What you need to do.
Everything in the listing below has to be repeated exactly, except the pictures.
Raw data START
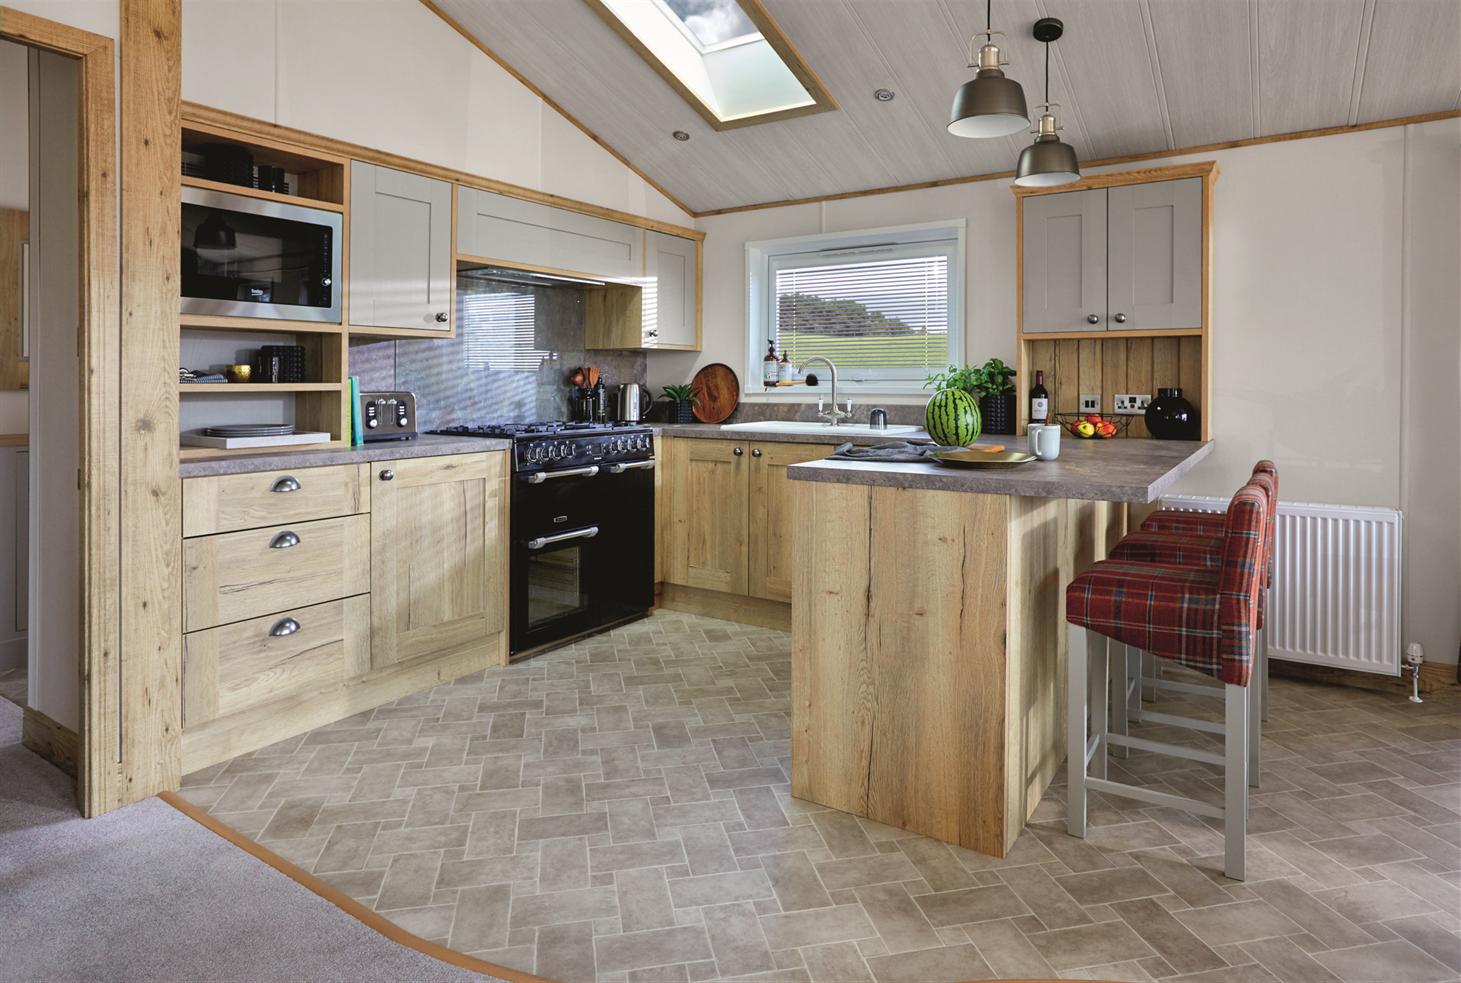 New 2021 ABI Harrogate Lodge 41ft x 20ft - 2 - kitchen view
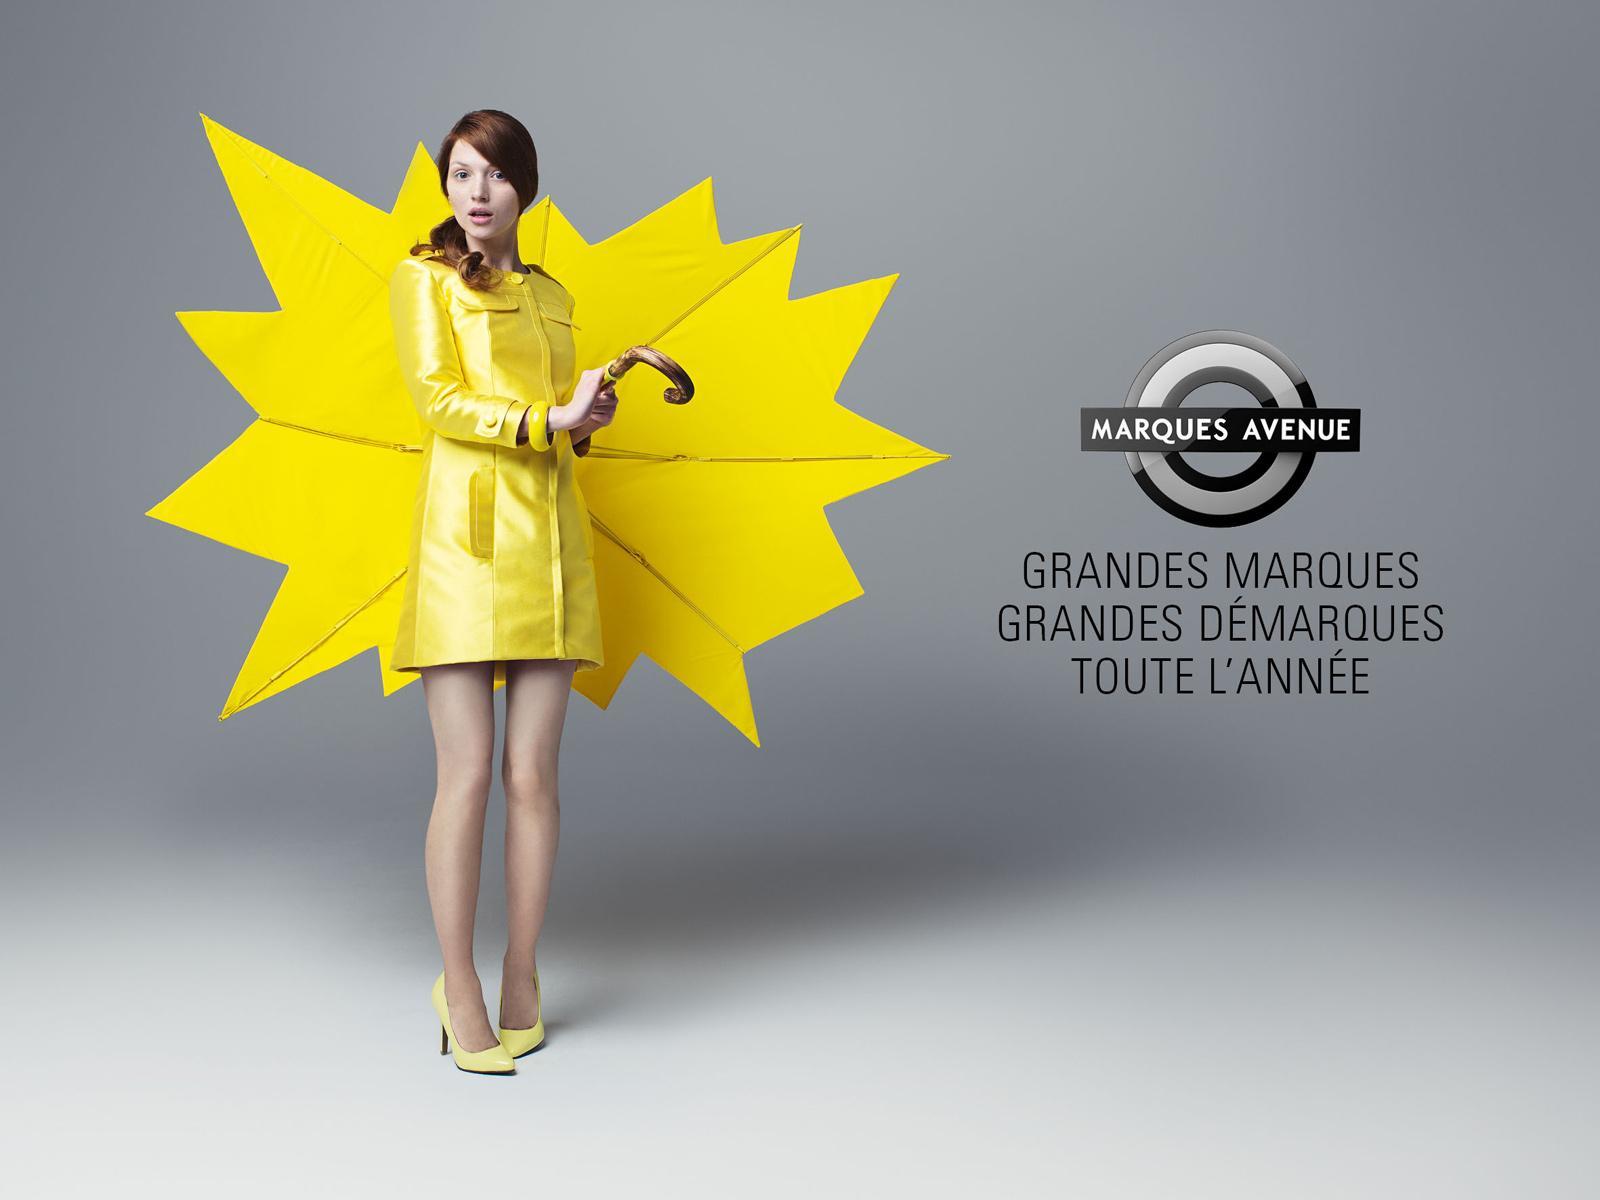 Marques Avenue Print Ad -  Special offers stickers, Umbrella
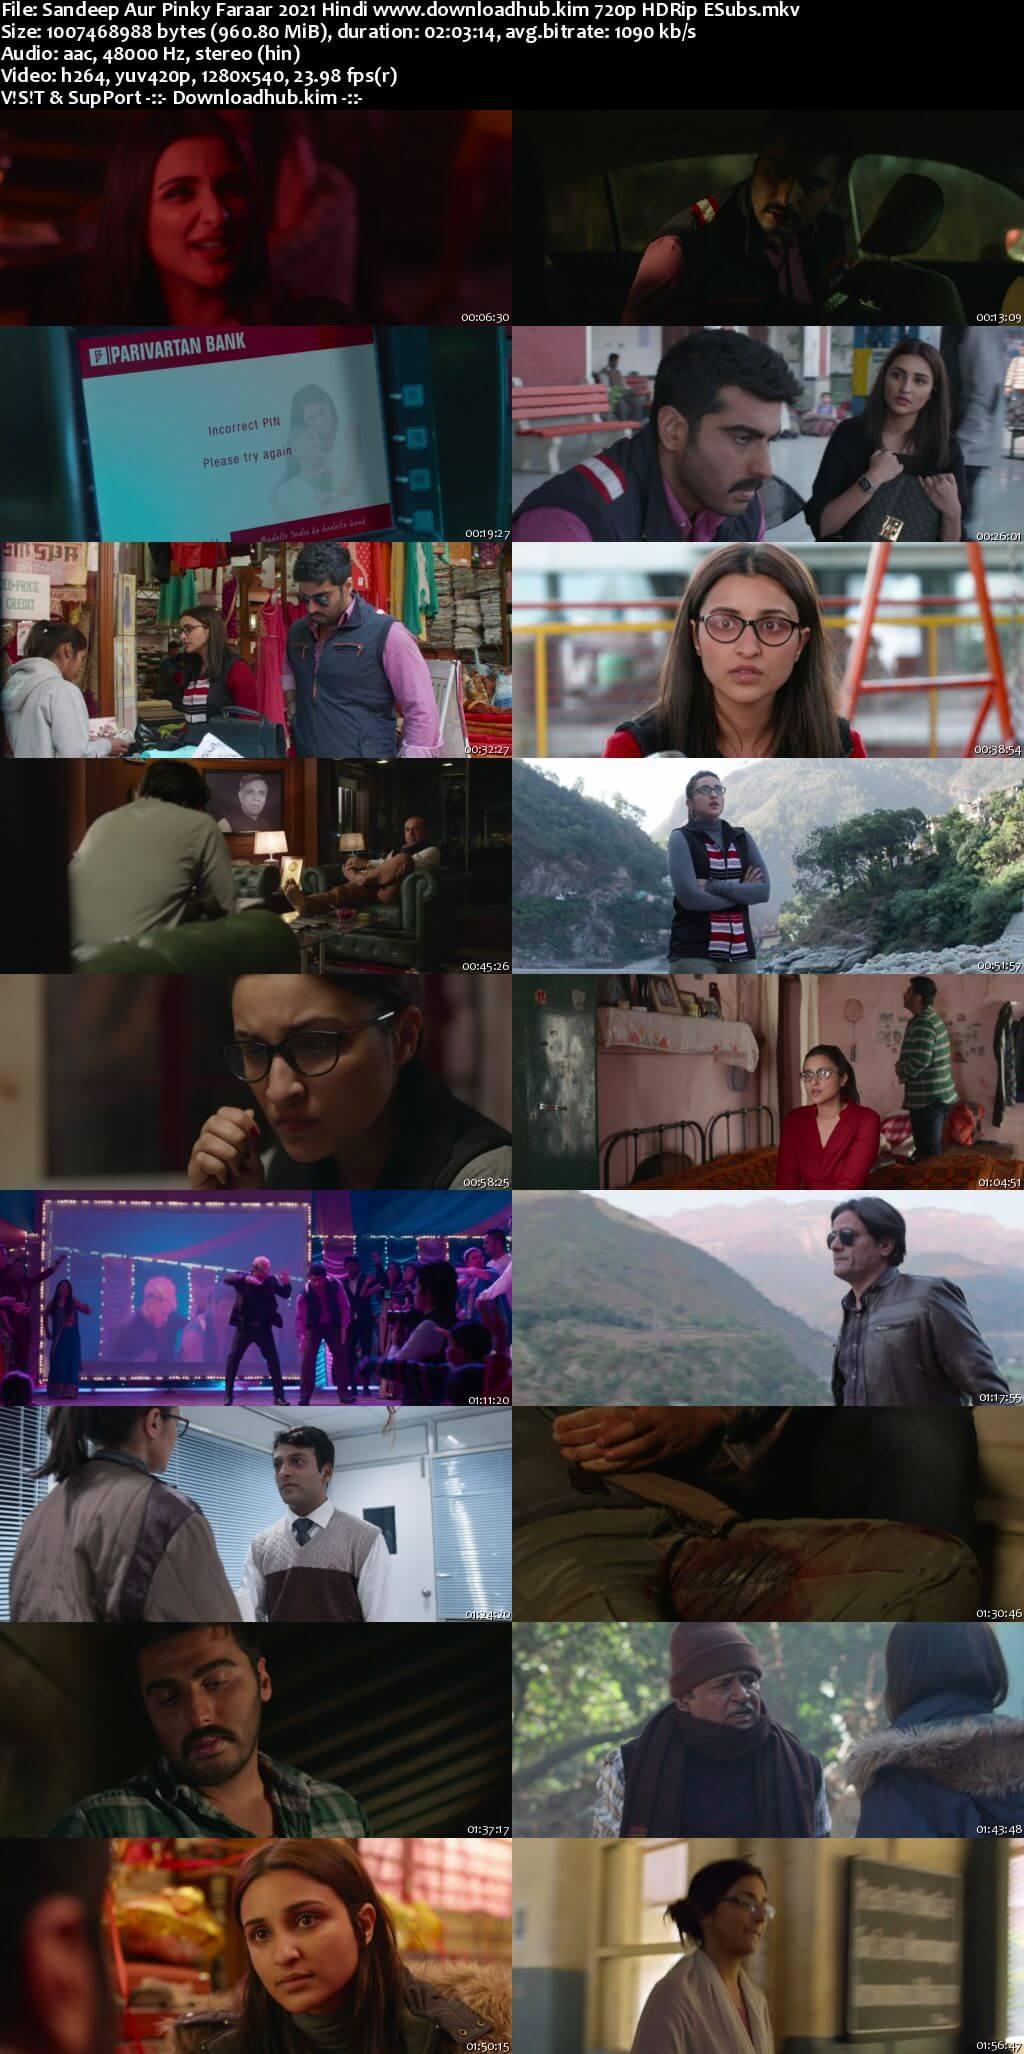 Sandeep Aur Pinky Faraar 2021 Hindi 720p HDRip ESubs
Raw data END
Reply.
 New 2021 ABI Harrogate Lodge 41ft x 20ft - 2 - kitchen view
 Marques Avenue Print Ad -  Special offers stickers, Umbrella
 Sandeep Aur Pinky Faraar 2021 Hindi 720p HDRip ESubs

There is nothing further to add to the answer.